ADLR/megatron-lm!1823 - PyT Dist fix for 24.05 container

mikolajblaz · ericharper · commit 58a8a629befa · 2024-08-09T15:14:24.000-07:00
diff --git a/megatron/core/dist_checkpointing/strategies/torch.py b/megatron/core/dist_checkpointing/strategies/torch.py
@@ -209,6 +209,7 @@ def sharded_tensor_to_torch_sharded_tensor(
         ]
 
     # Create a ShardedTensor without invoking communication.
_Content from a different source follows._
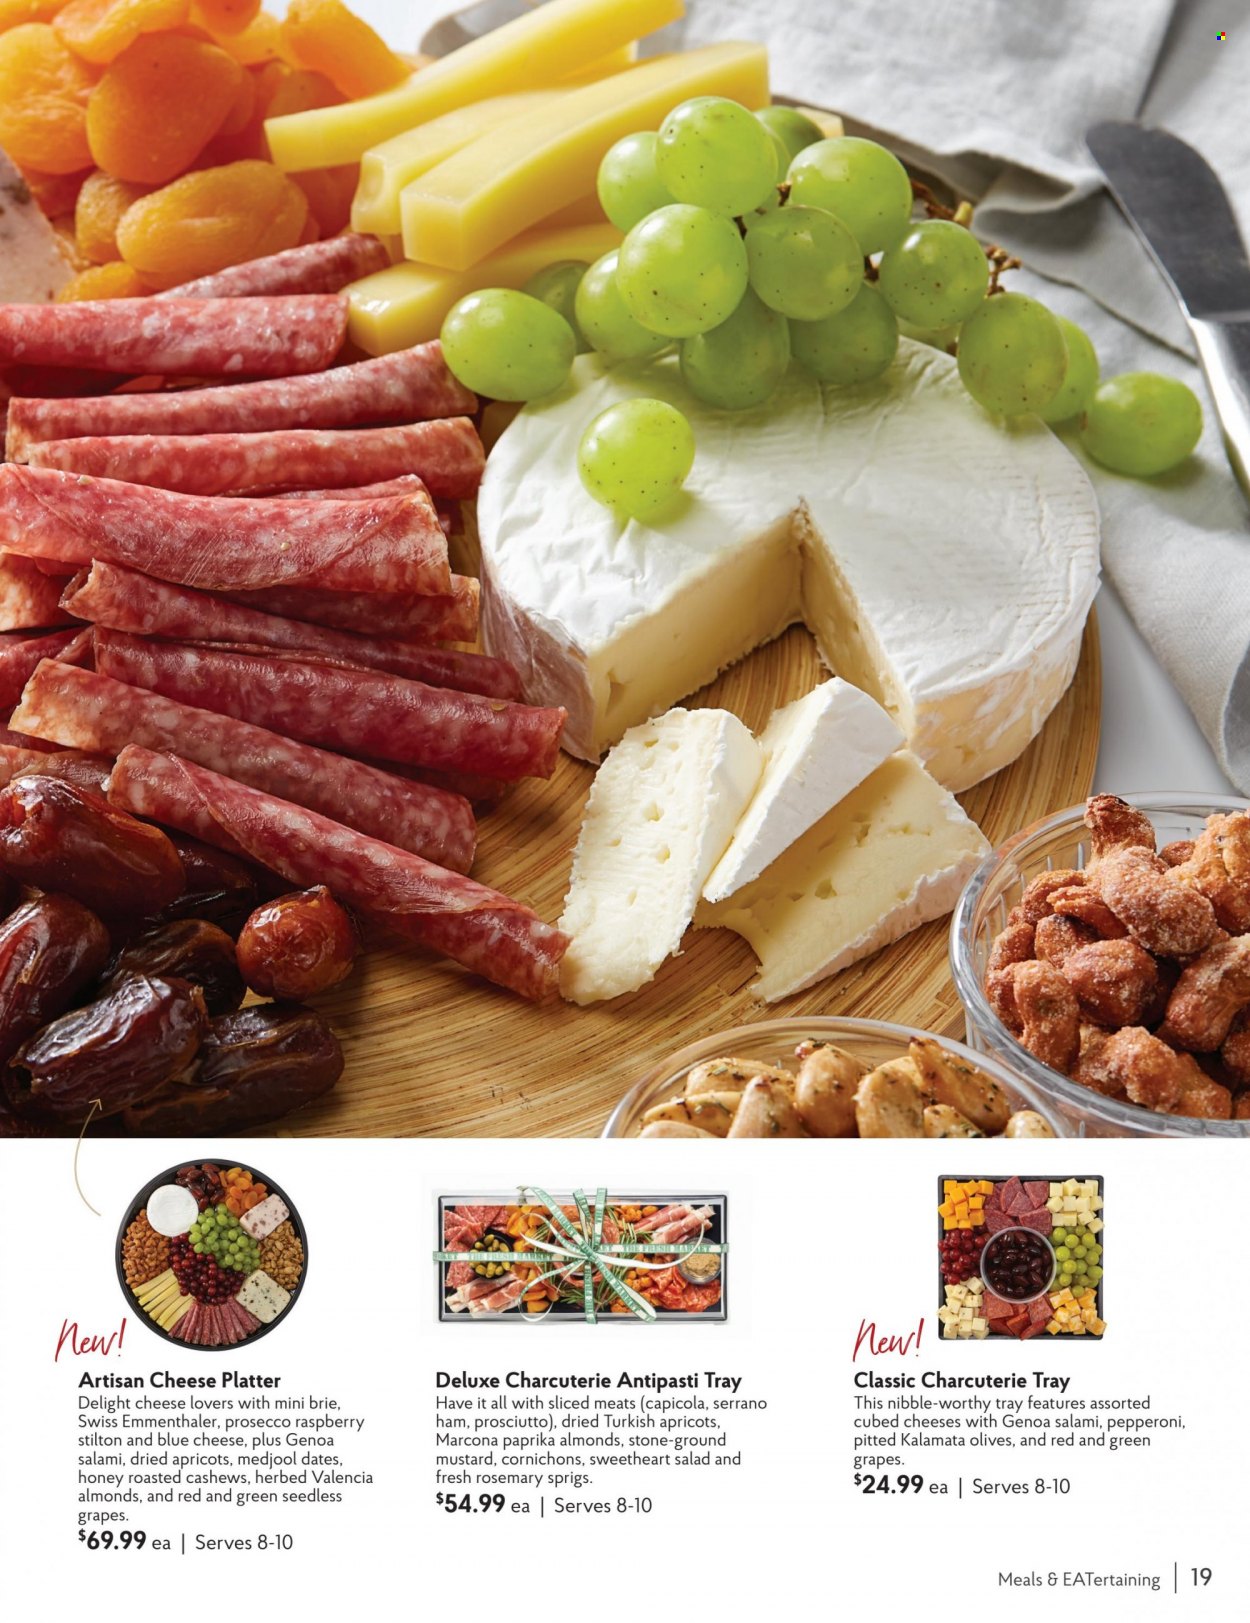 thumbnail - The Fresh Market Flyer - Sales products - grapes, seedless grapes, apricots, salami, ham, prosciutto, pepperoni, blue cheese, emmenthaler cheese, Stilton, cheese, brie, olives, rosemary, mustard, honey, almonds, cashews, dried fruit, dried dates, prosecco. Page 19.
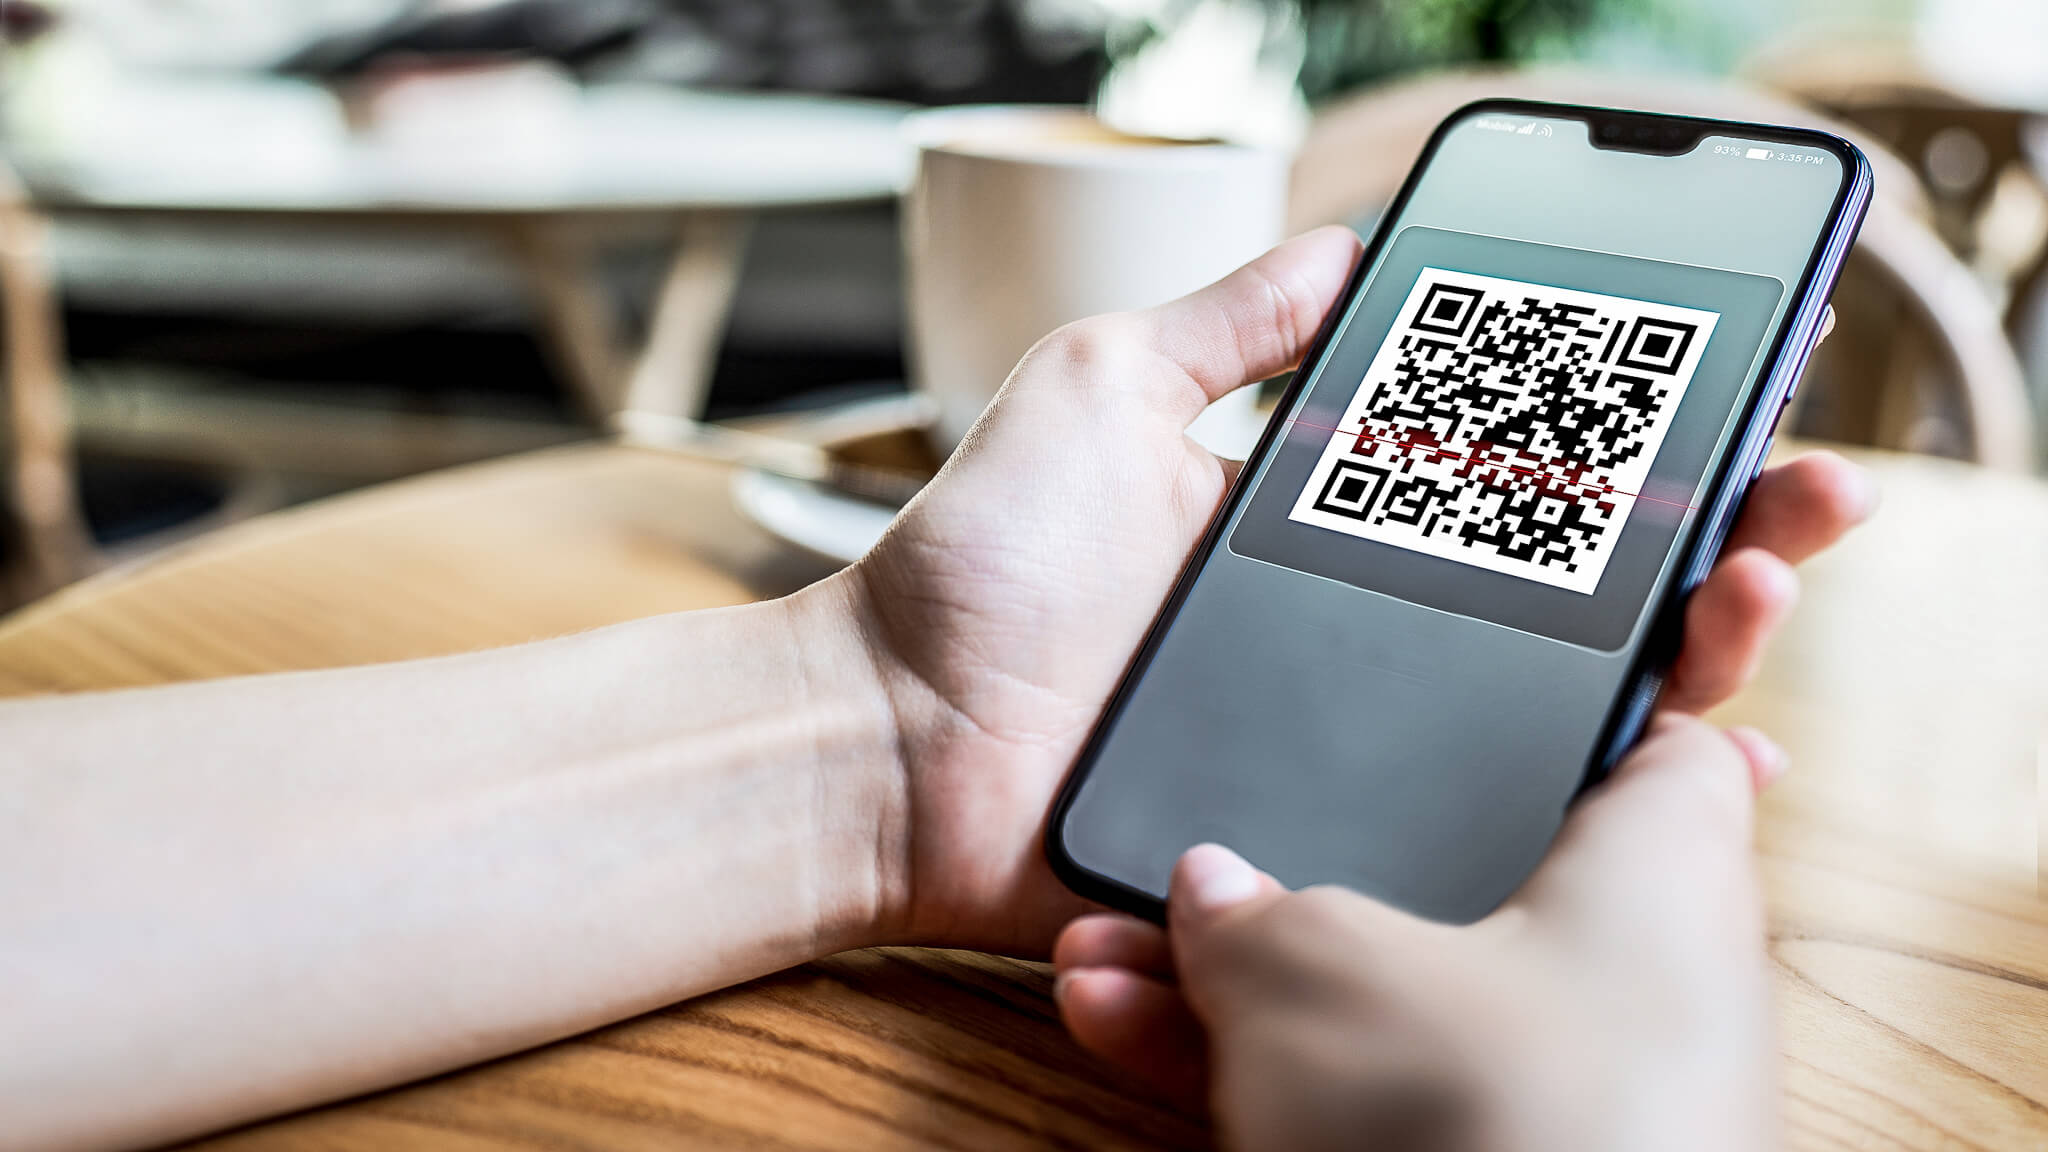 QR codes (important building block of IoT) is scanned in the restaurant.

Determine global shards
+    world_size = torch.distributed.get_world_size()
     shard_metadata = []
     # NOTE: here we assume a regular grid of shards
     for fragment_offsets in itertools.product(*map(range, some_sh_ten.axis_fragmentations)):
@@ -232,13 +233,16 @@ def sharded_tensor_to_torch_sharded_tensor(
 
         else:
             # for shards from other ranks we provide simplistic data - this information will be discarded
-            # during TorchShardedTensor._init_from_local_shards_and_global_metadata call
+            # during TorchShardedTensor._init_from_local_shards_and_global_metadata call.
+            # Due to a bug in PyT 24.05 container we must specify some concrete rank within a world size.
+            # The exact rank doesn't matter as long as it's different than my rank - hence (rank + 1) % WS.
+            placement = f"rank:{(rank + 1) % world_size}/cuda"
             if has_flattened_range and not is_flattened_range_1d:
                 offset = offset + (0,)
                 size = (1,) * len(offsets_shape) + global_shape[-1:]
             else:
                 size = offsets_shape
-            shard_metadata.append(ShardMetadata(offset, size, "cuda"))
+            shard_metadata.append(ShardMetadata(offset, size, placement))
 
     tensor = some_sh_ten.data
     sharded_tensor_metadata = ShardedTensorMetadata(